Saudi Finance Minister Mohammed Al-Jadaan reckoned that the G20 debt relief for the world’s poorest countries is worth about $20bn, he told reporters via Twitter after the meeting.

Possible extension
The group said in its communique that it would consider a possible extension of the moratorium, taking into account analysis of debtor countries’ liquidity needs by the IMF and World Bank.

“This is a powerful, fast-acting initiative that will do much to safeguard the lives and livelihoods of millions of the most vulnerable people,” IMF managing director Kristalina Georgieva and World Bank president David Malpass said in joint statement.

The two had pushed for the debt moratorium.

“Just seeing how the G20 united around debt standstill for the poorest members gives me that confidence that whatever is necessary we will collectively do in the face of this tremendous crisis,” Georgieva later told reporters in a webcast news conference.

The Institute of International Finance estimates that the world’s poorest nations have some $140bn in general government debt-service obligations due through the end of the year, including $10bn in foreign currency. That calculation includes all kinds of debt: to private and public creditors, domestic and foreign, short term and long term.

Temporary suspension
The institute – a global trade association that counts the world’s biggest banks and financial institutions as members – last week said it was willing to join a temporary debt-payment suspension for poor countries, and president Tim Adams welcomed the G20 announcement today.

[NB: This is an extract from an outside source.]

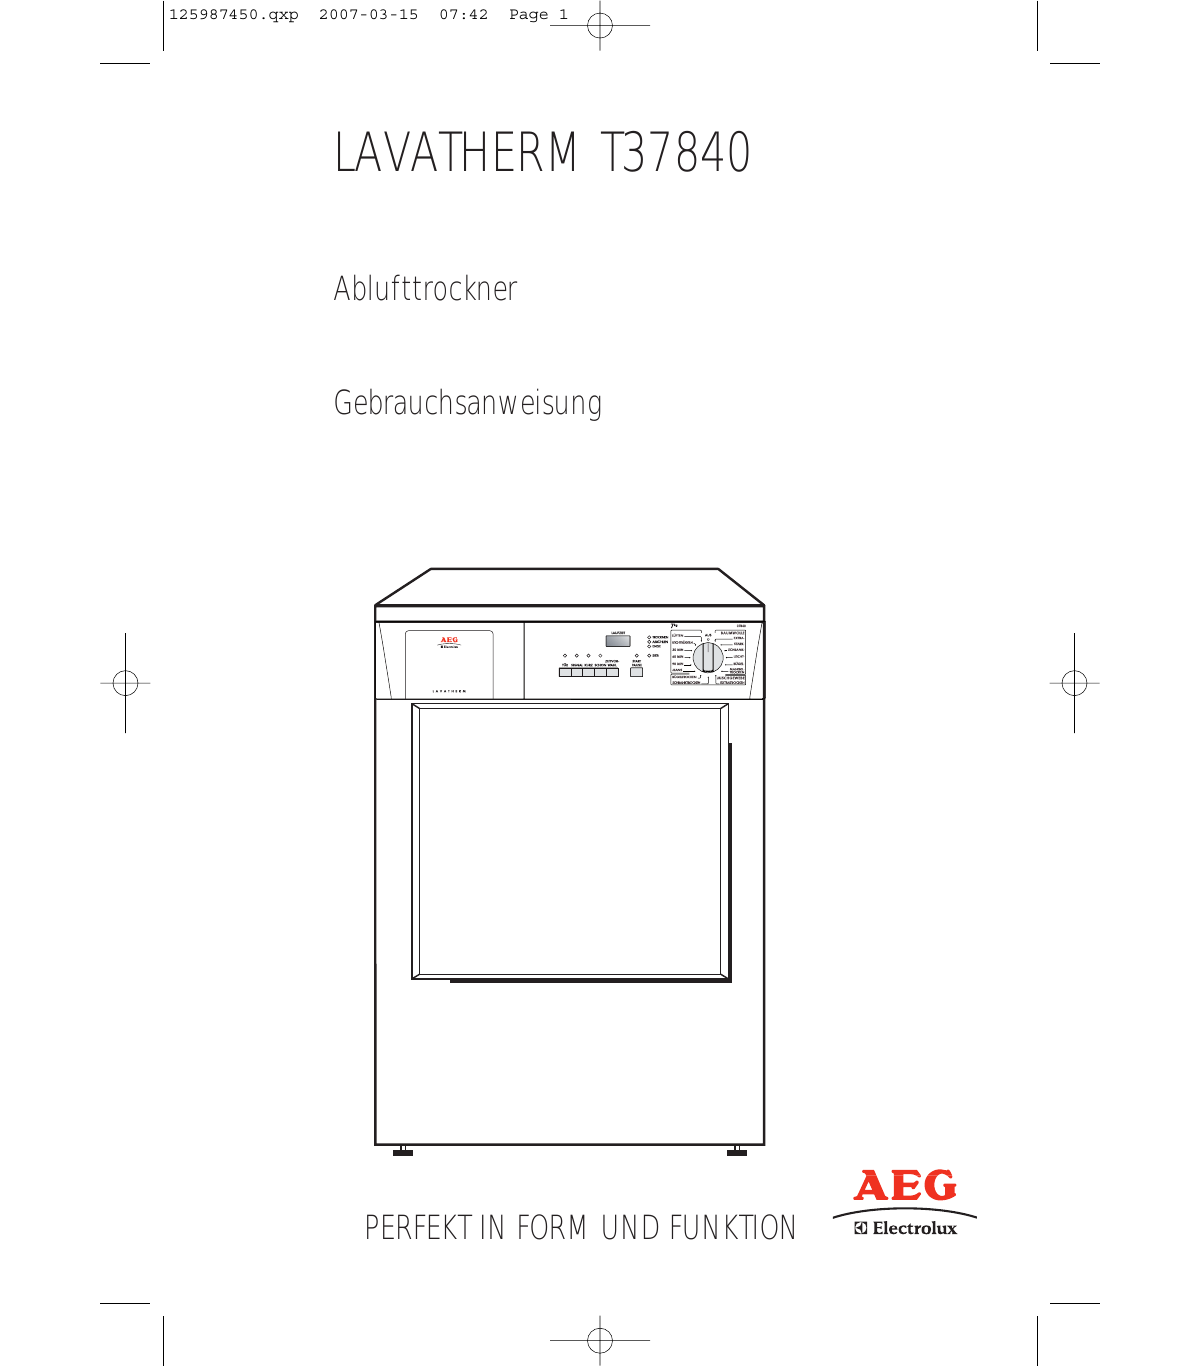 aeg electrolux lavatherm tumble dryer error codes
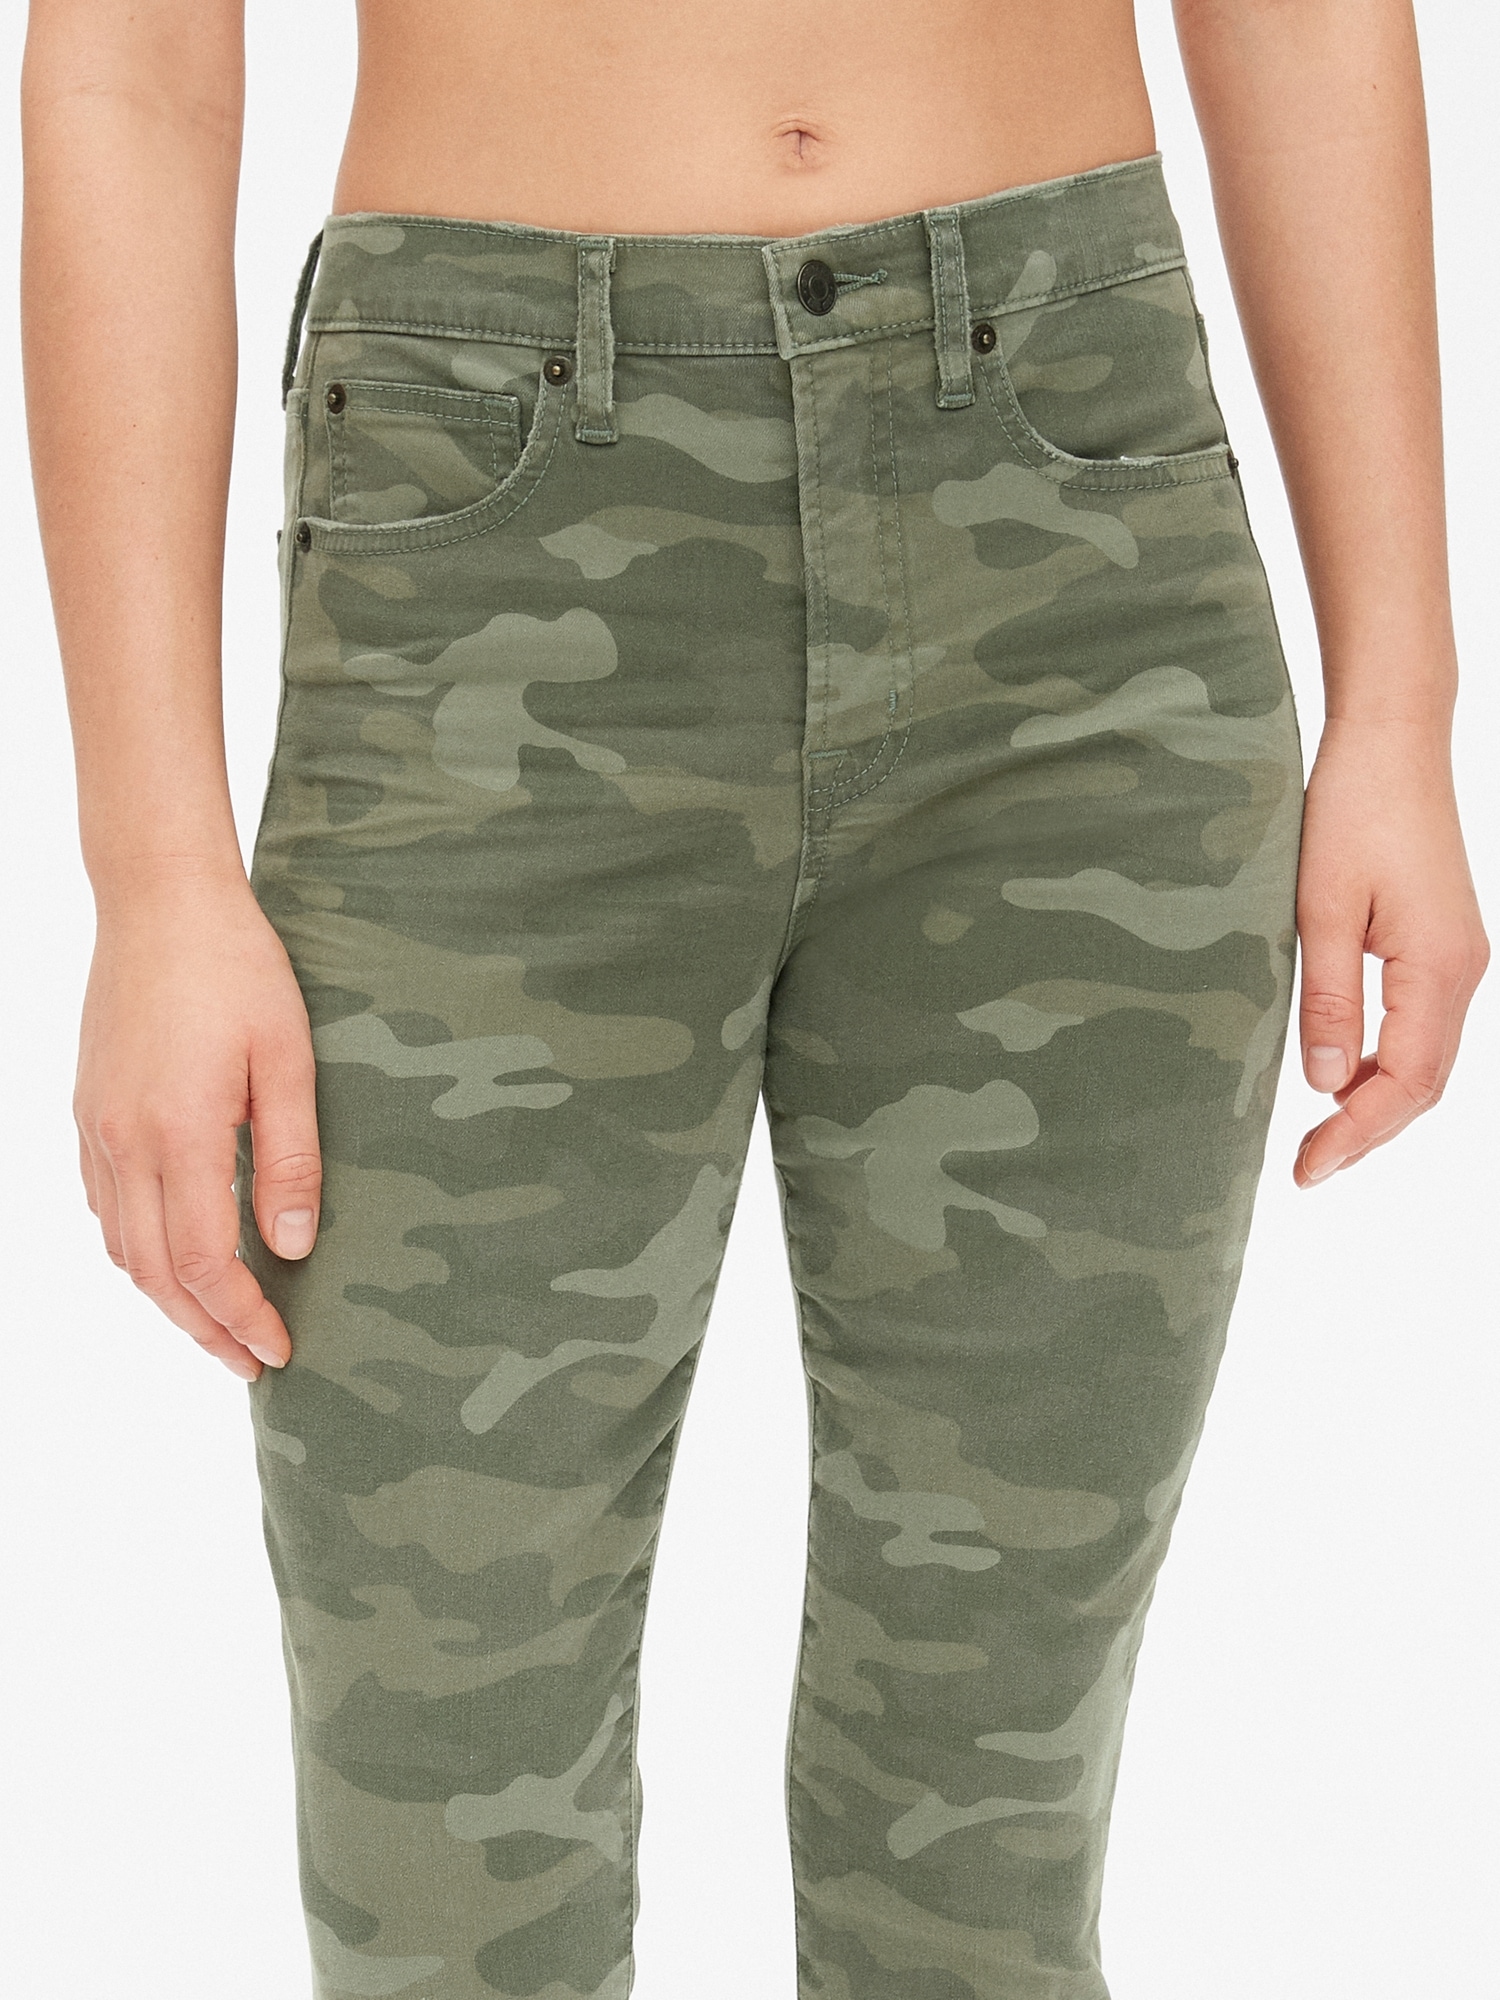 women's petite camouflage pants

“The spread of Covid-19 has created an unprecedented health-care and humanitarian crisis, making servicing and managing debt obligations close to impossible for vulnerable nations,” he said in a statement.

France is pushing leading economies to go beyond granting poor nations a temporary moratorium on their debt payments. President Emmanuel Macron on Monday called for a massive cancellation of African nations’ sovereign debt.

The world’s poorest countries, which are eligible for aid from the World Bank’s International Development Association, comprise 76 countries with many in Africa but also elsewhere, including Afghanistan, Cambodia, Haiti, Kosovo and Syria.